▸ **Work request**
Restate the full listing word for word; images stay out of it.

▸ **Dataset section**
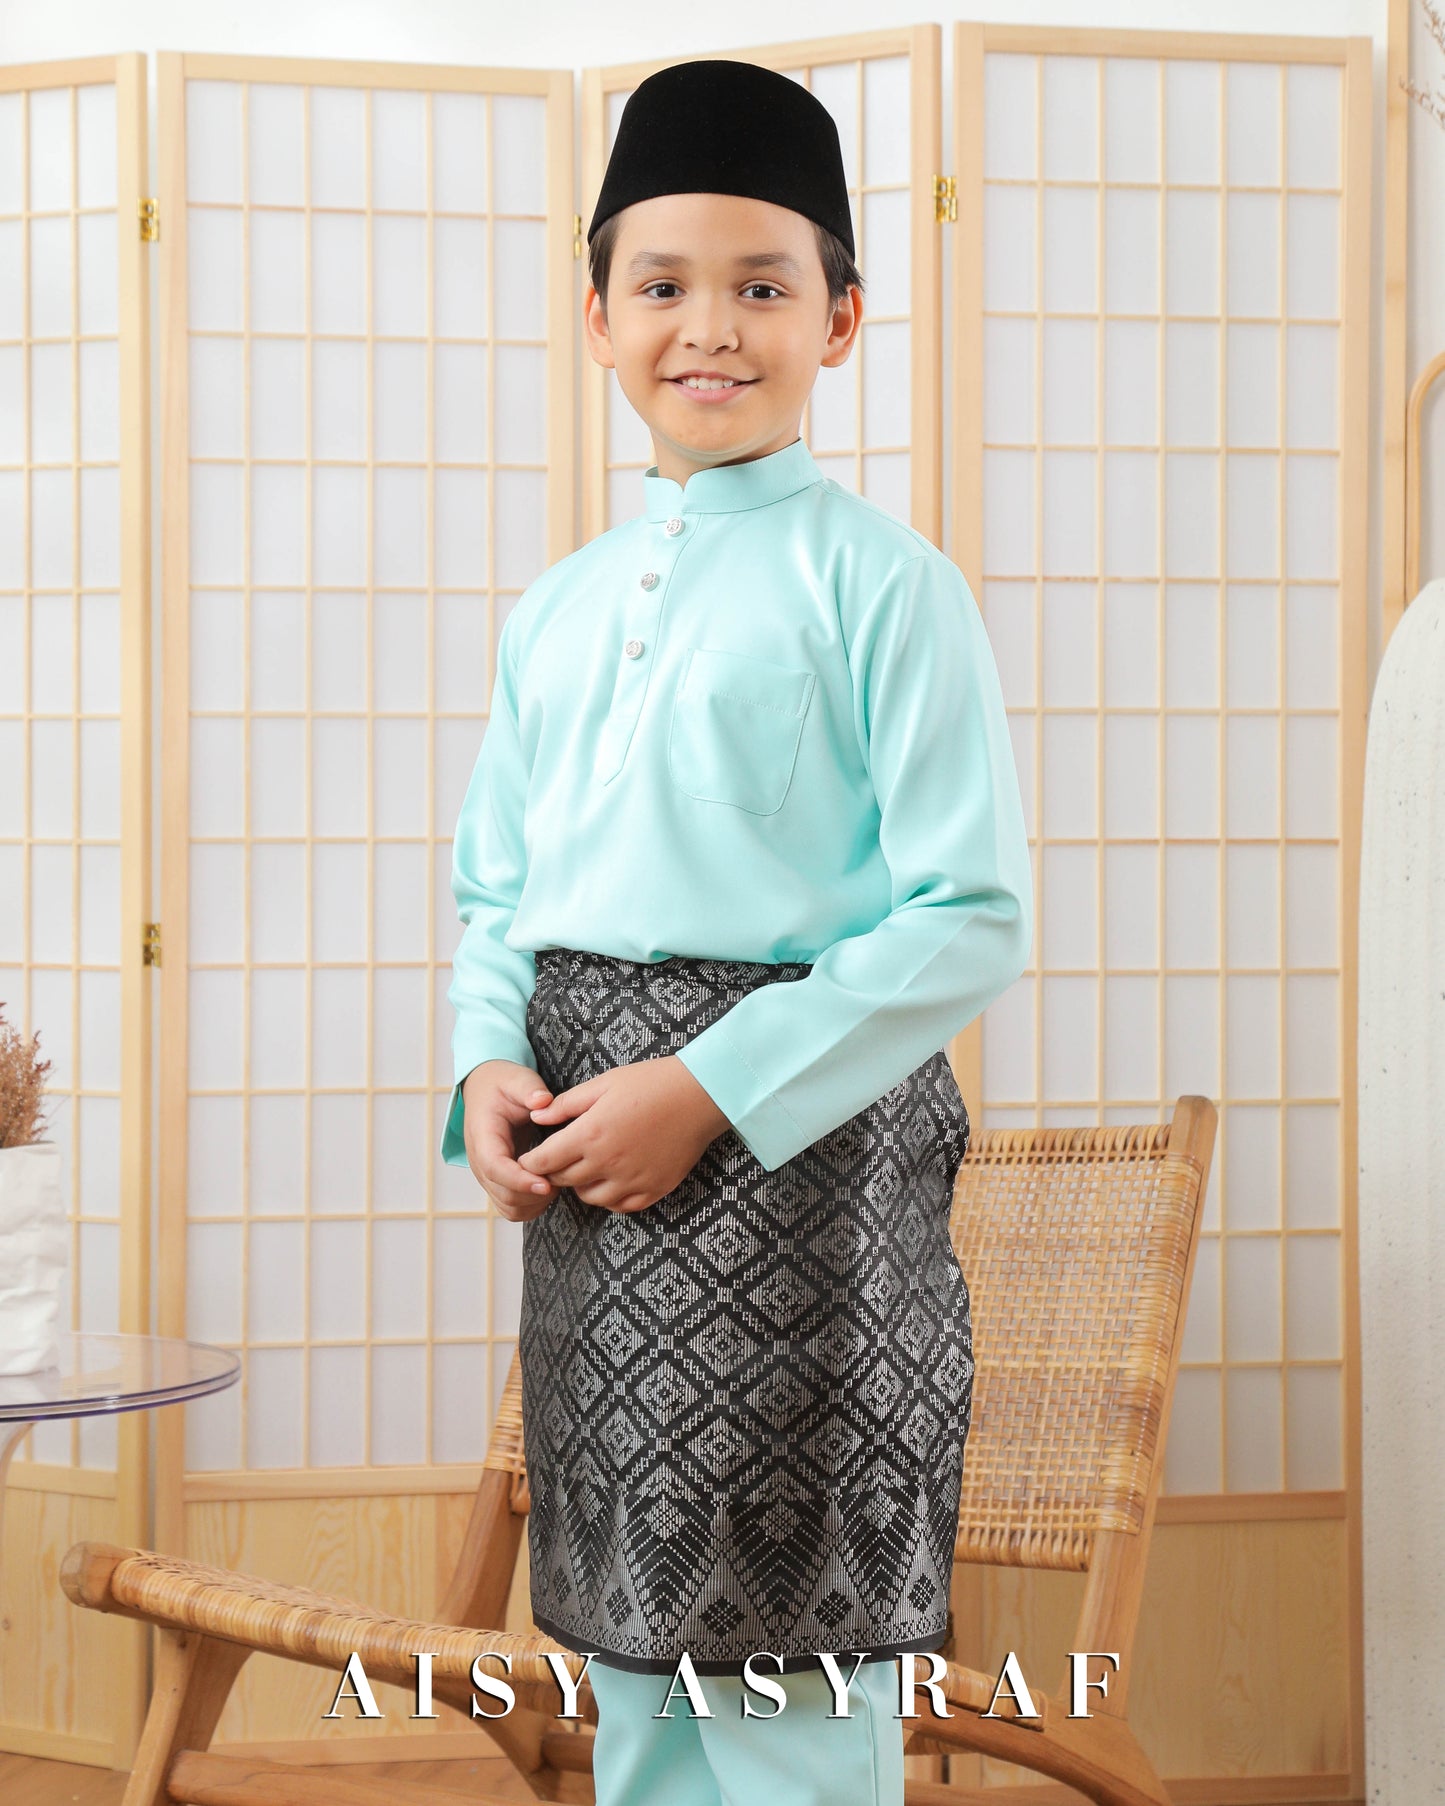 Baju Melayu Zaidan Kids - Mint Green
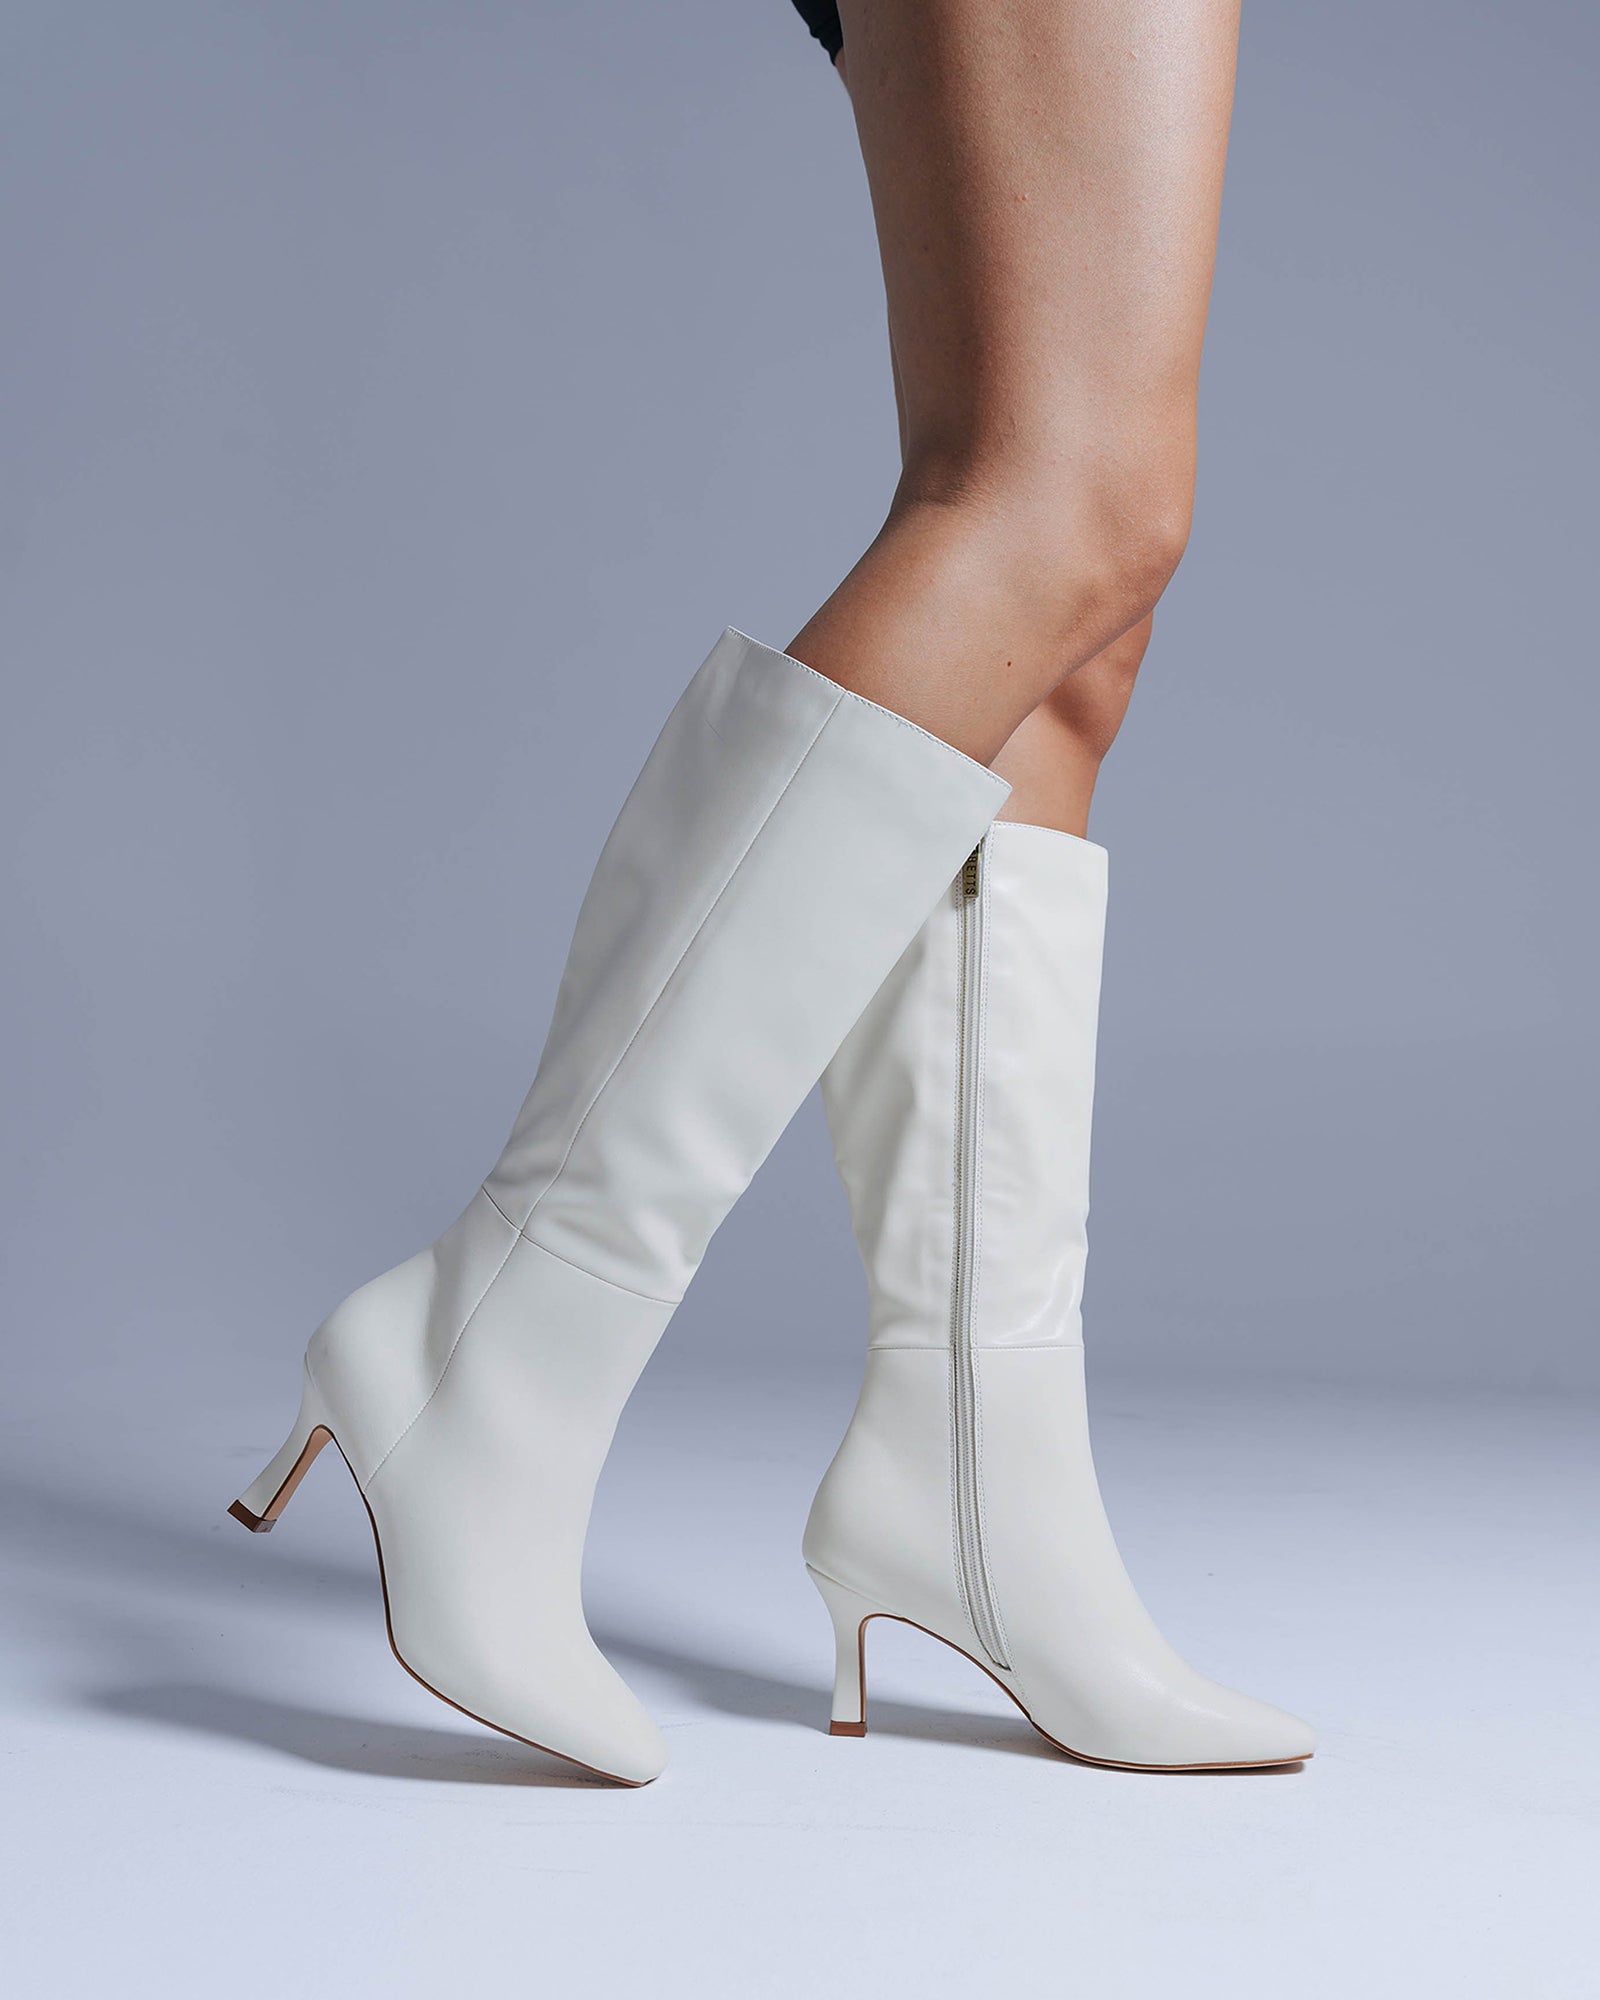 Rita Ora Wears Controversial Thong Boots in NYC | Photos | POPSUGAR Fashion
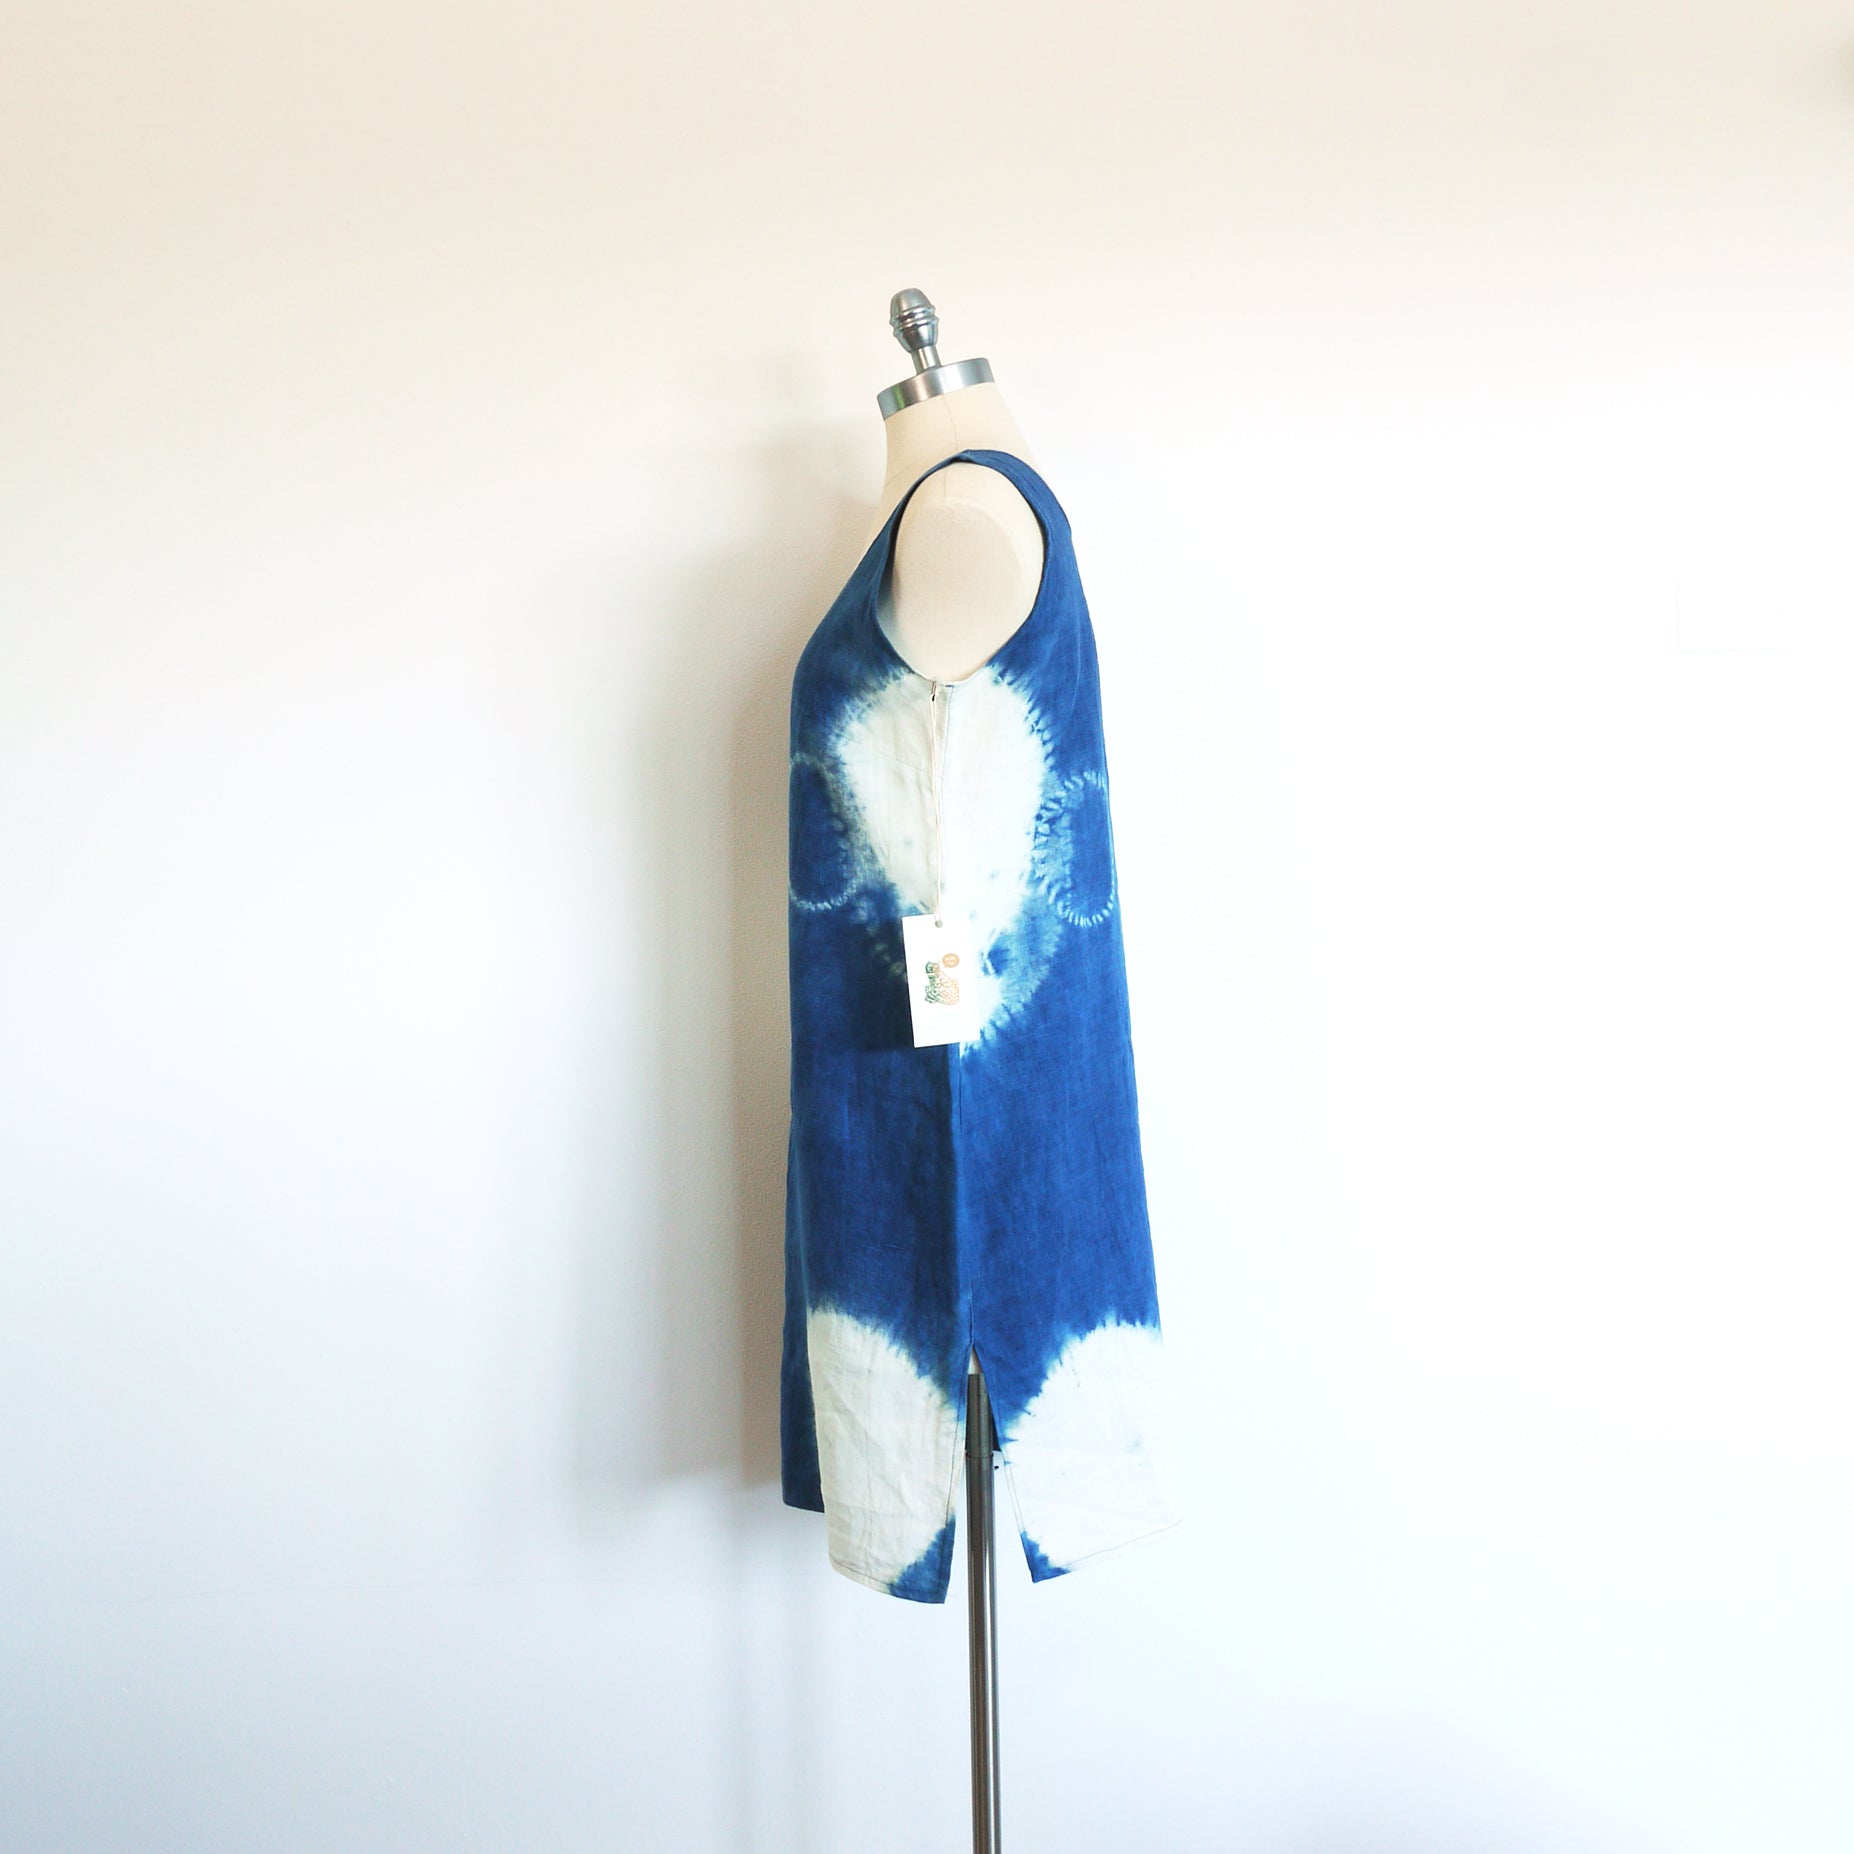 INDIGO CIRCLE tank dress.  Hand dyed shibori indigo linen dress

▸ **Written answer**
 Baju Melayu Zaidan Kids - Mint Green
 Rita Ora Wears Controversial Thong Boots in NYC | Photos | POPSUGAR Fashion
 INDIGO CIRCLE tank dress.  Hand dyed shibori indigo linen dress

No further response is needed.